Identified in 1998, apelin is the endogenous ligand of the G-protein-coupled apelin receptor (APJ) and is expressed in various organs, including the heart, lung, liver and brain (11). In clinical settings, the plasma levels of apelin have been reported to decrease in patients with cardiac dysfunction (12,13); however, patients with a ventricular assist device exhibited marked increases in apelin levels in the left ventricle (14). A previous study demonstrated that the apelin/APJ signaling pathway was involved in the maintenance of cardiac function; apelin treatment protected the heart in a rat model of ischemia/reperfusion injury (15). Therefore, the apelin/APJ signaling pathway may be a novel target in the treatment of heart failure.
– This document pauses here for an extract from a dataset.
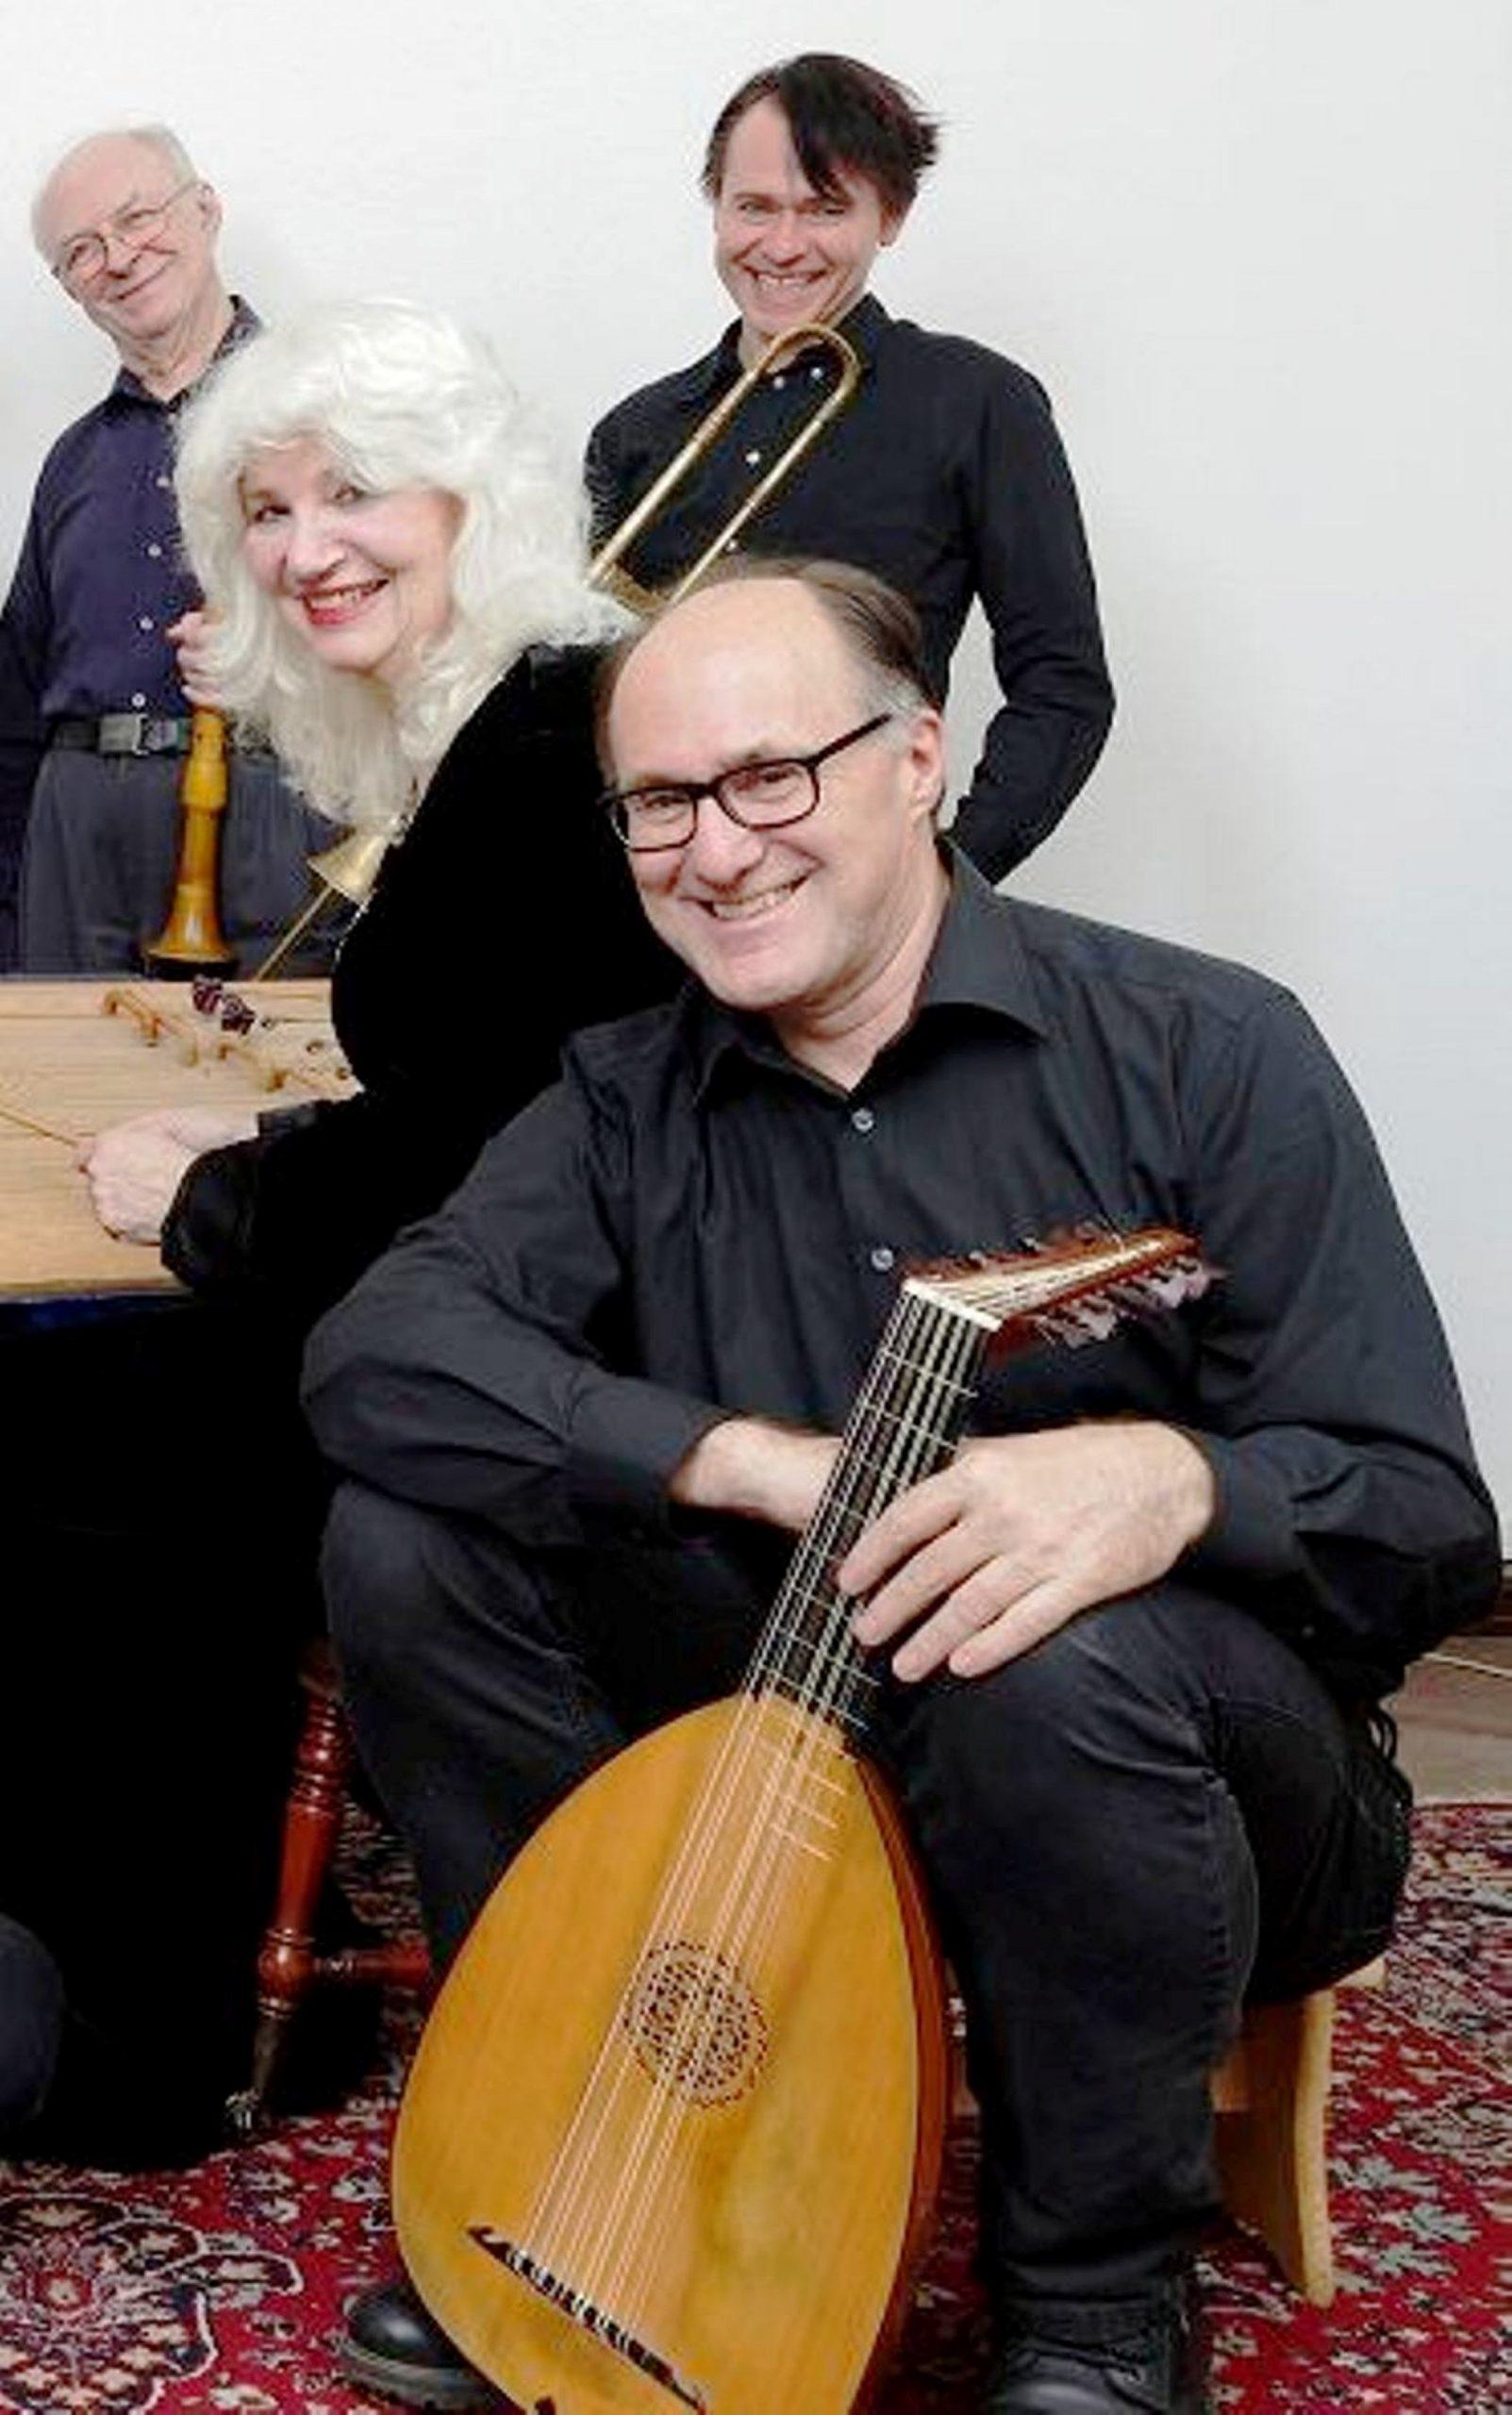 La Spagna – Kultureller Austausch in der Musik
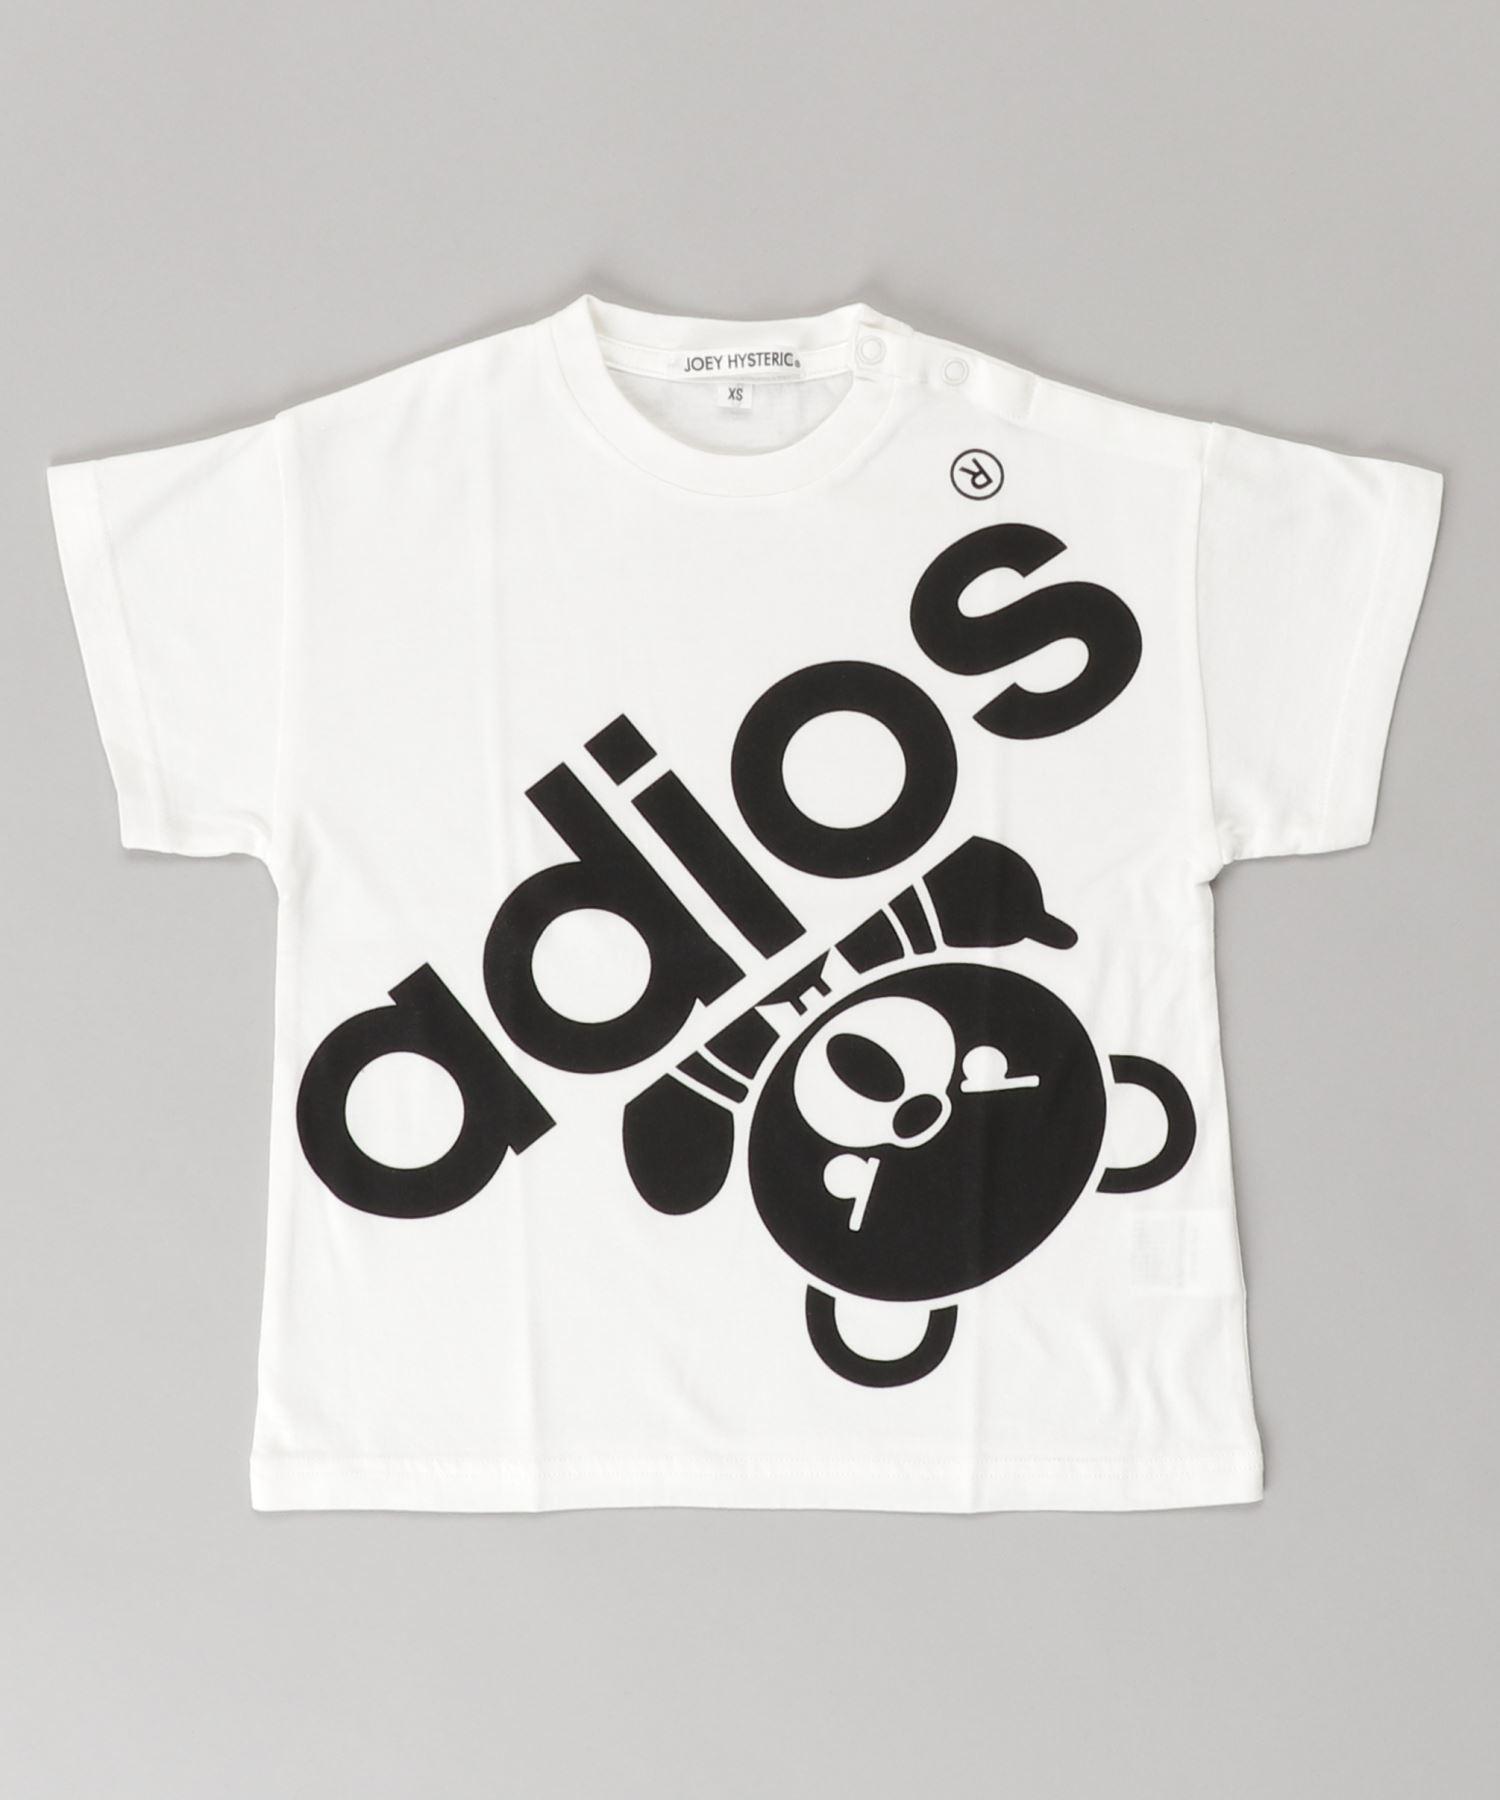 BIG ADIOS BEAR オーバーサイズTシャツ【XS/S/M】

There has been a notable increase in the use of herbs and their extracts to treat diseases in previous decades (16,17). A novel compound isolated from Alpinia katsumadai Hayata, (3R)-5,6,7-trihydroxy-3-isopropyl-3-methylisochroman-1-one (TIM; Fig. 1A) exhibited potent cardioprotective effects in a recent study, reducing lipoteichoic acid-induced damage in rat cardiomyoblast cells via the inhibition of oxidative stress (18). Further investigation into the cardioprotective efficacy of TIM may reveal the compound to be a potential therapy in the treatment of cardiovascular diseases. The aim of the present study was to determine the effects of TIM on ISO-induced cardiac dysfunction in rats and the underlying mechanisms.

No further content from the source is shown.